Which option allows to use two processors?

Inspect the output typing more blast.out on the commandline on the cluster

Often one is only interested in the top scoring hit for each query. A simple perl script (here) goes through the blastall output in m8 or m9 format and retains only the top scoring hit, and it adds a header line that will be correctly interpreted by EXCEL. Save this script into your blasttest folder on the cluster (the easiest is to ctrl click on here and select save link as, then select the blasttest folder in the finder). Glance through the script using a text editor (textwrangler, or just click on the here link in your browser).

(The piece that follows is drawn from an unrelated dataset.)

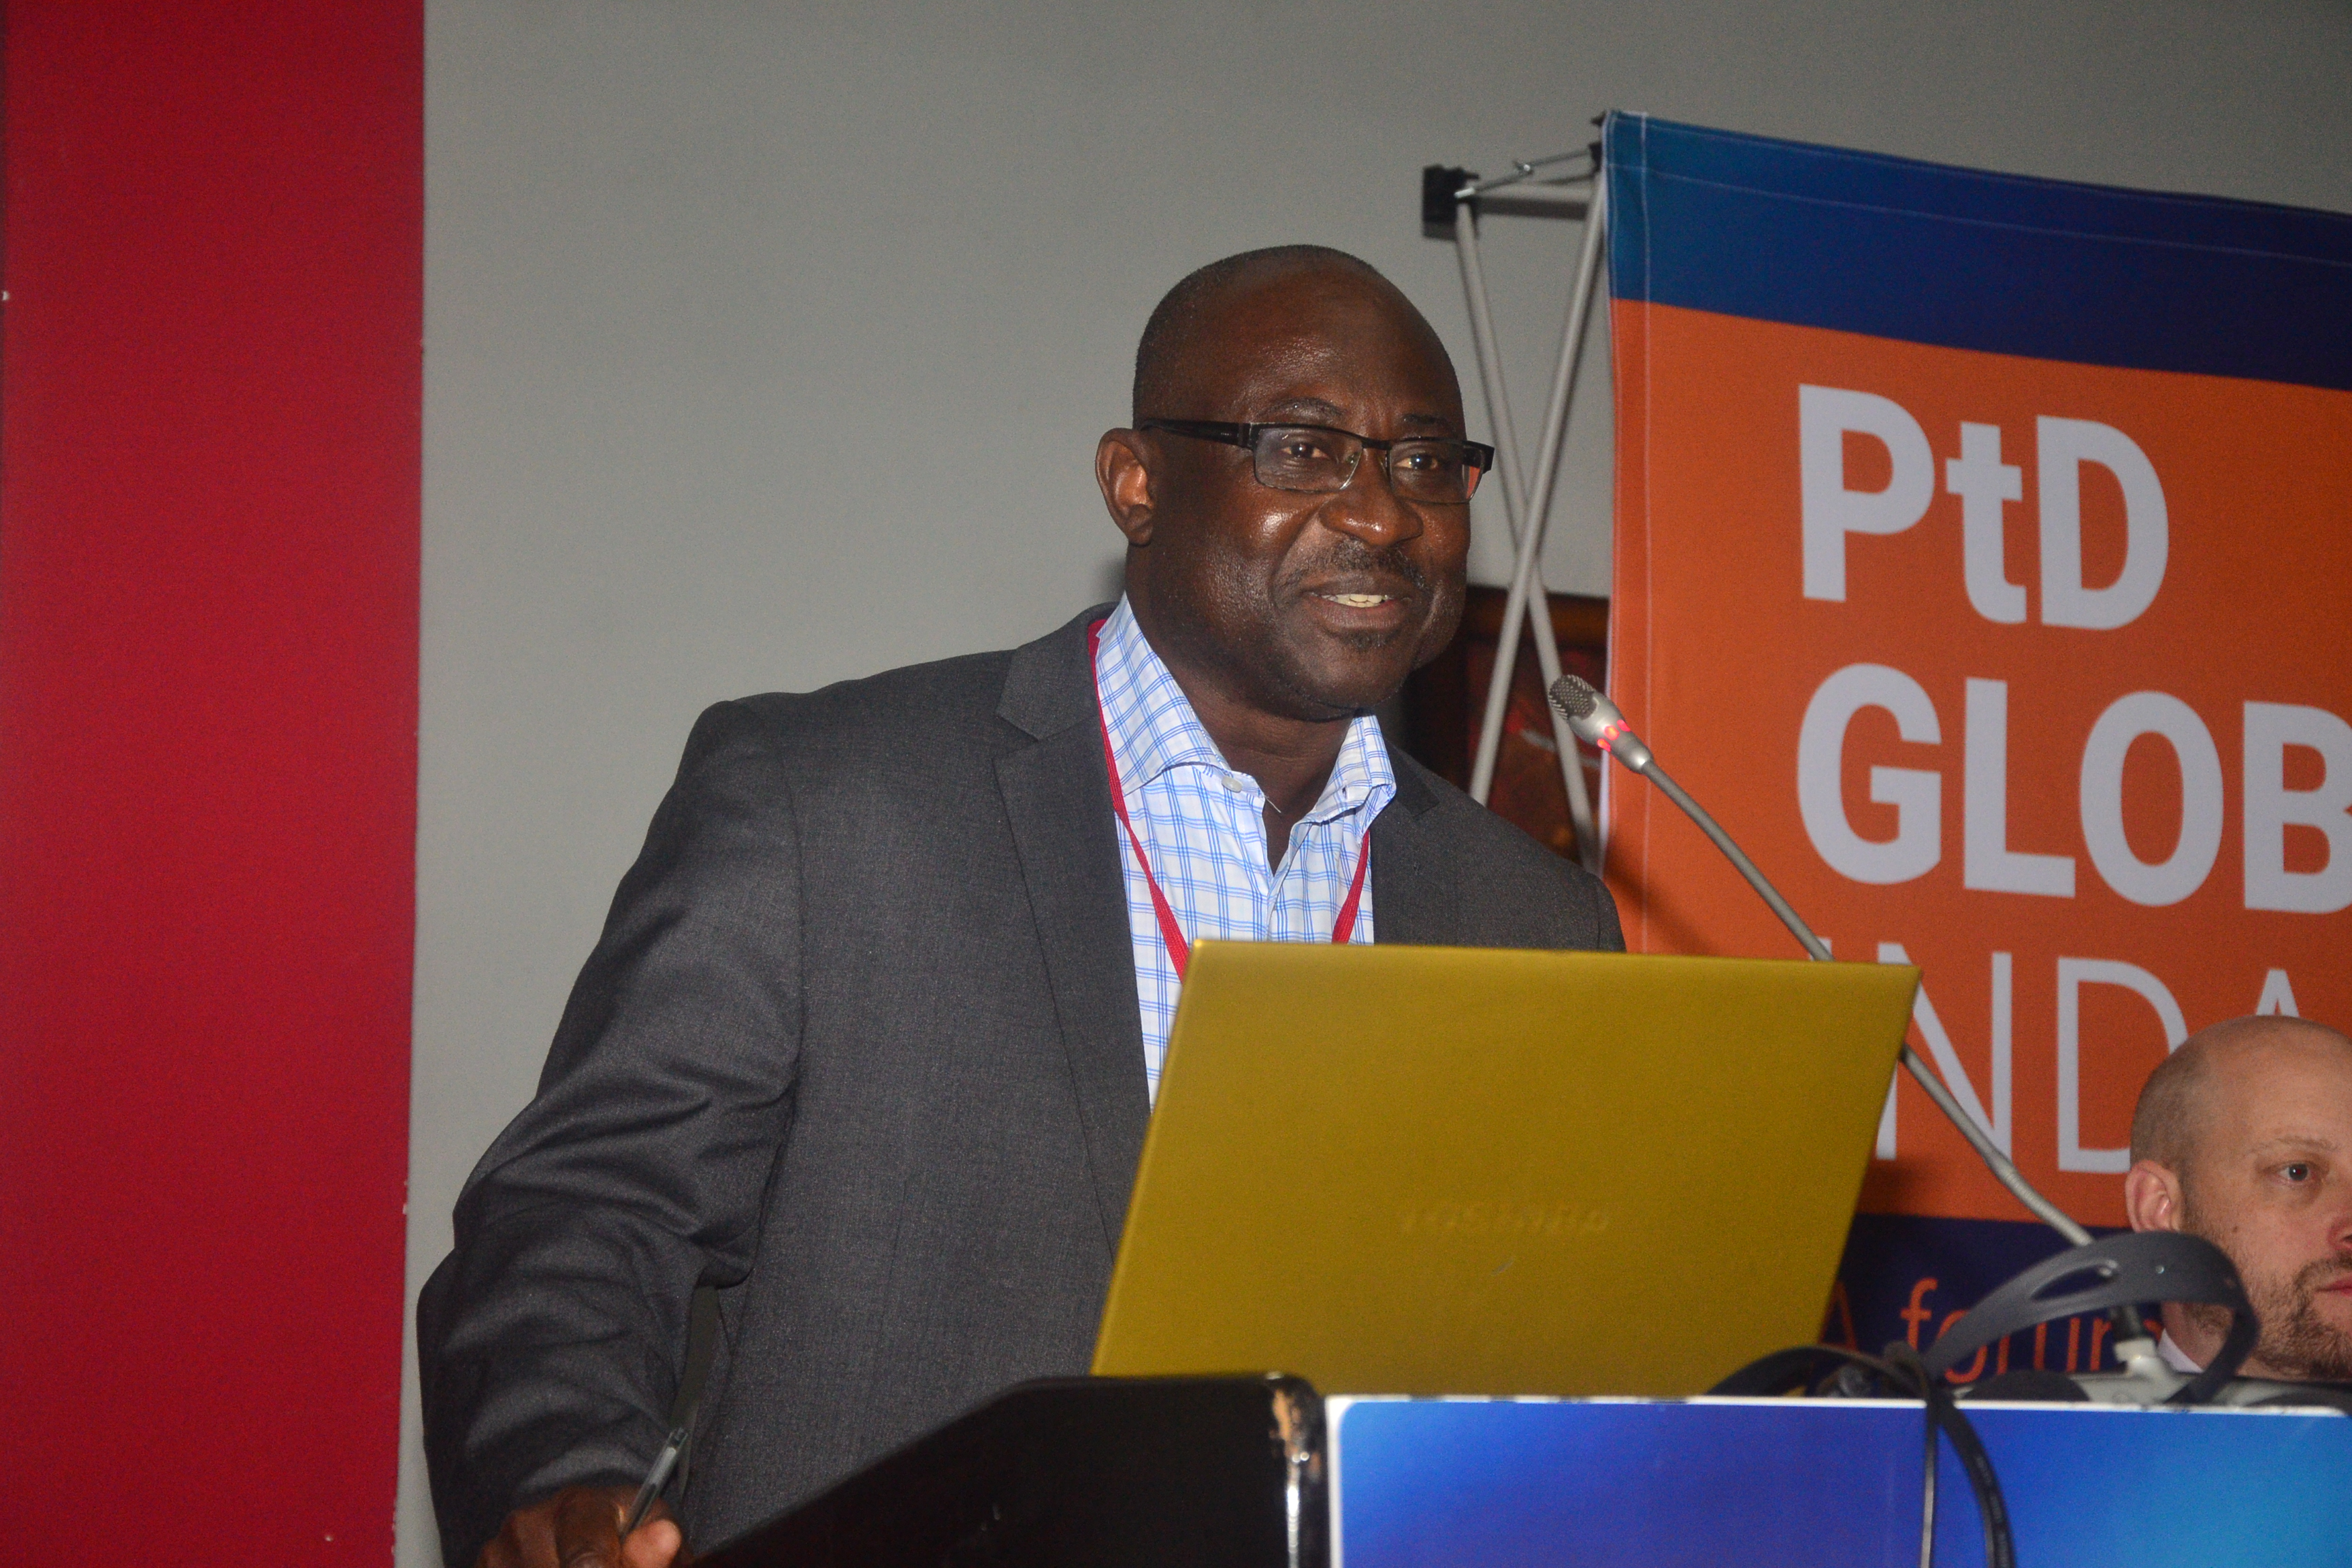 PtD's chair Francis (Kofi) Aboagye-Nyame speaking at the PtD Global Indaba

To run the blast.out file through the perl script type
perl extract_lines.pl blast.out
This will create a file in your directory called blast.out.top that only contains the top scoring hits, and from which the comment lines (in case you used the m9 option in blastall) are removed.

(Aside: A modified version of this program (here) adds another column to the listing that for each alignment gives the bitscore per residue in the alignment.)

Import this file blast.top.out into an excel spreadsheet.

Download the file to your local machine using filezilla or sftp
start EXCEL on you local machine,
open an empty spreadsheet,
select Data -> Get external data;
select your file (you'll need to tell EXCEL to show you all files, not only files with a recognized extension)

Select sort in the data pull-down menu (the one on top, not in the application window) and sort the data on the different columns. Which gene was found to be most similar between the two genomes.

Which were the genomes you selected?


Which gene pair had the highest % identity?

Which gene pair had the smallest E-value?

(to retrieve the information on target sequence, you can use the command fastacmd. If the GI number of the target is 14521962, and the database is p_all.faa the command is as follows:
fastacmd -s 14521962 -d p_all.faa
By default the databank is nr as installed on the cluster. Thus fastacmd -s 14521962 also works (and you get more annotation), provided the sequences in your databank are also in nr.

Making HISTOGRAMs

Next, we will calculate a histogram for the % identity values for all the significant matches and one for all matches (including ones with an e-value above 0.0001).

The newer version of Excel for Macs no longer allows to calculate histograms via the add-ons. The simplest solution is to use use a histogram tool. Download this file and open it in excel. Allow it run macros. Then in the tools menu select better histograms, select the data you want to plot, and enter the start (e.g.: 0), step (e.g.: 10) and stop values (100). Then click ok.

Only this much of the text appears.